> **Brief**
All pictures are to be dropped, and the remaining data set down exactly.

> **Data below**
***

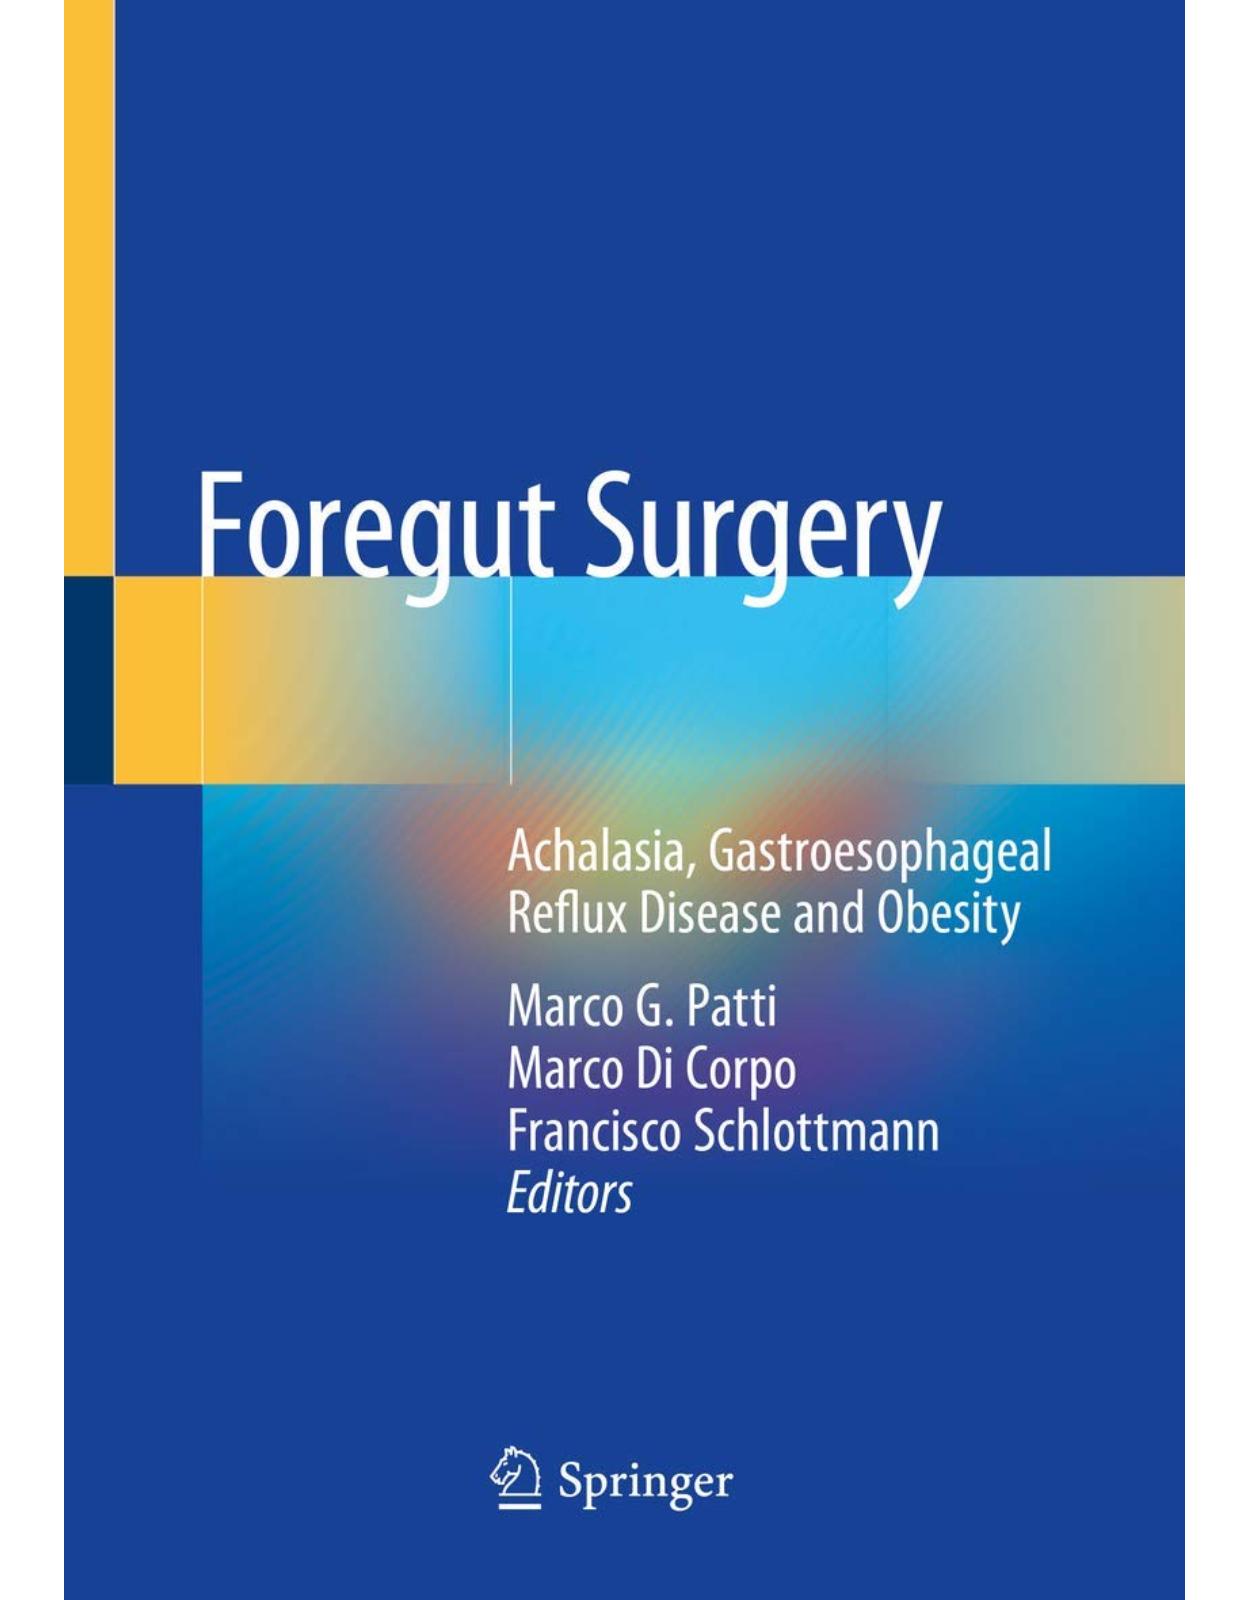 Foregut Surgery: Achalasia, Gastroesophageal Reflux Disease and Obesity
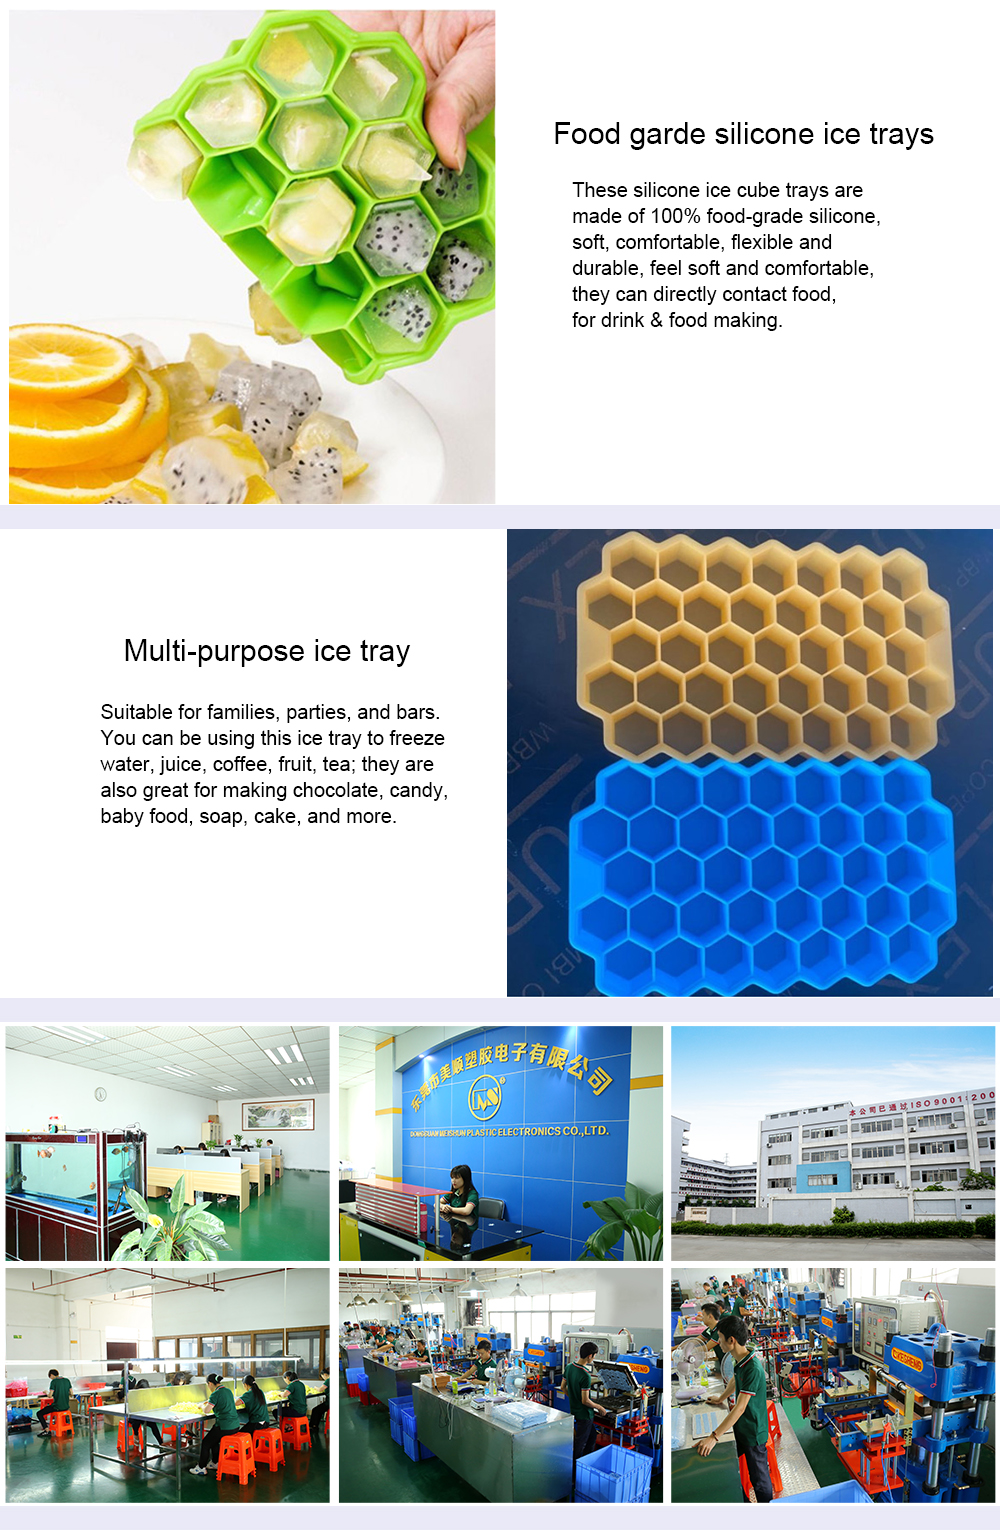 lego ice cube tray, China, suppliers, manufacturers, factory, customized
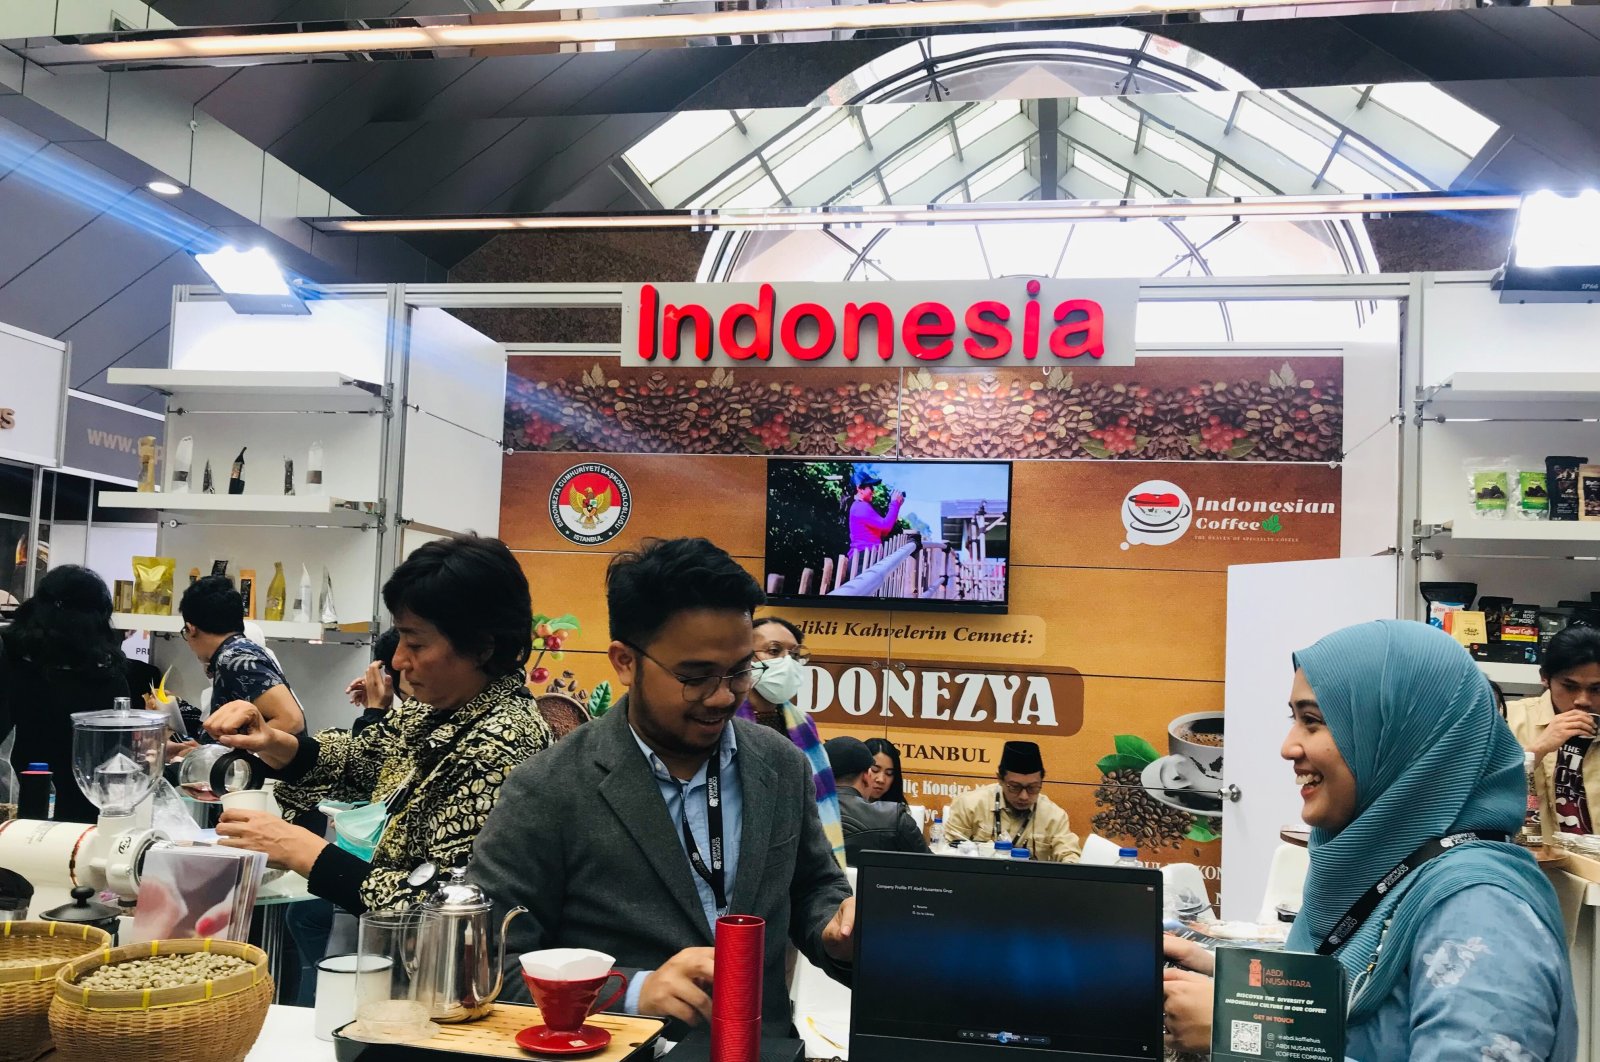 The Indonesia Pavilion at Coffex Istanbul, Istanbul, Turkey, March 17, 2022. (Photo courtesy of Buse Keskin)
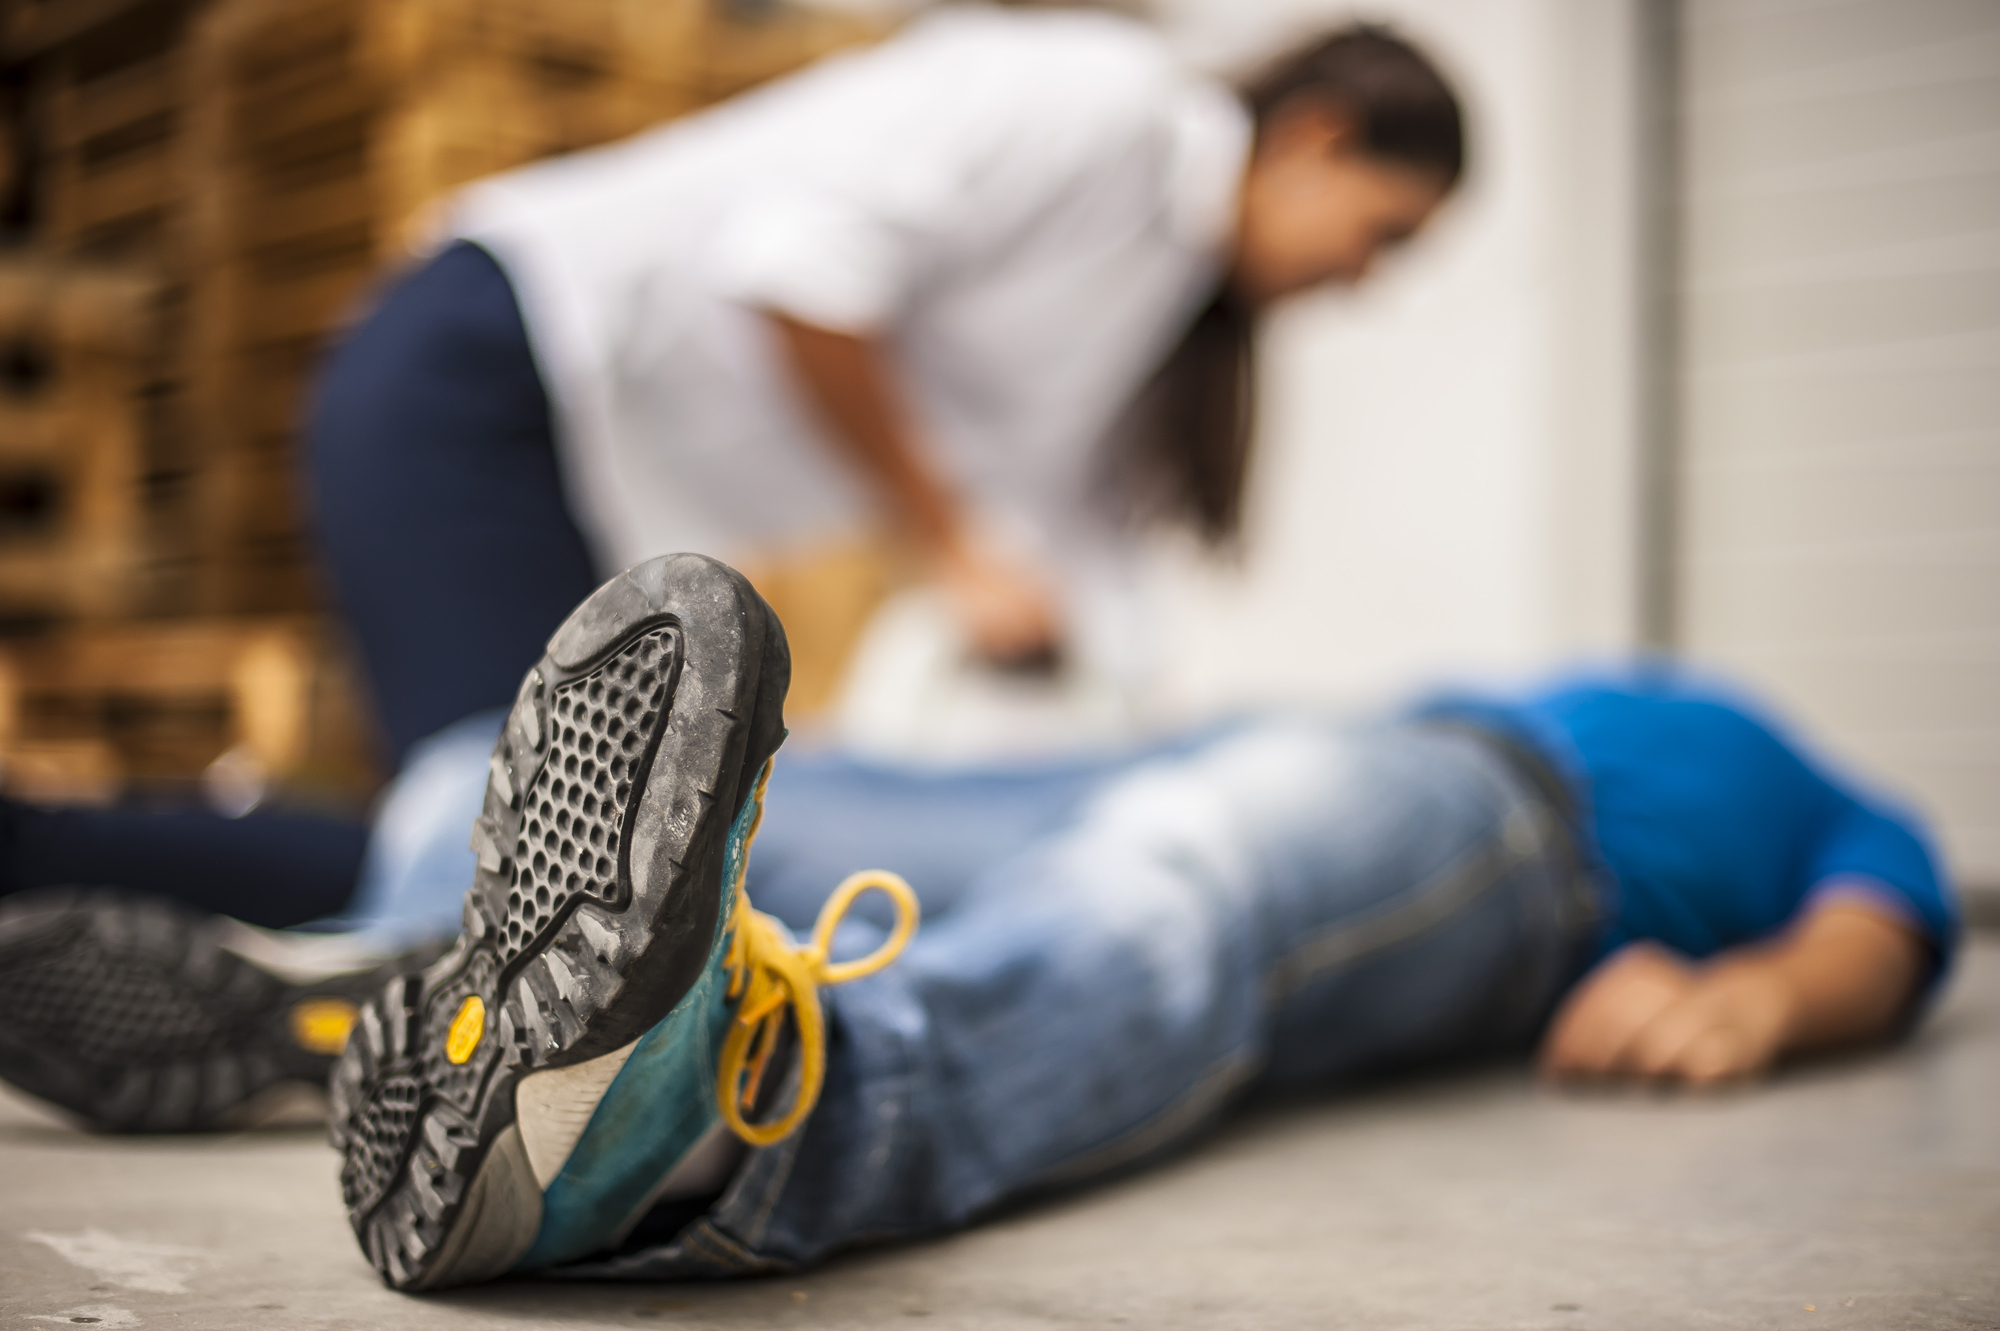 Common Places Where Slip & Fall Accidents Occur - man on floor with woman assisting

***

> **Solved problem**
 Foregut Surgery: Achalasia, Gastroesophageal Reflux Disease and Obesity
 lego ice cube tray, China, suppliers, manufacturers, factory, customized
 The Indonesia Pavilion at Coffex Istanbul, Istanbul, Turkey, March 17, 2022. (Photo courtesy of Buse Keskin)
 Common Places Where Slip & Fall Accidents Occur - man on floor with woman assisting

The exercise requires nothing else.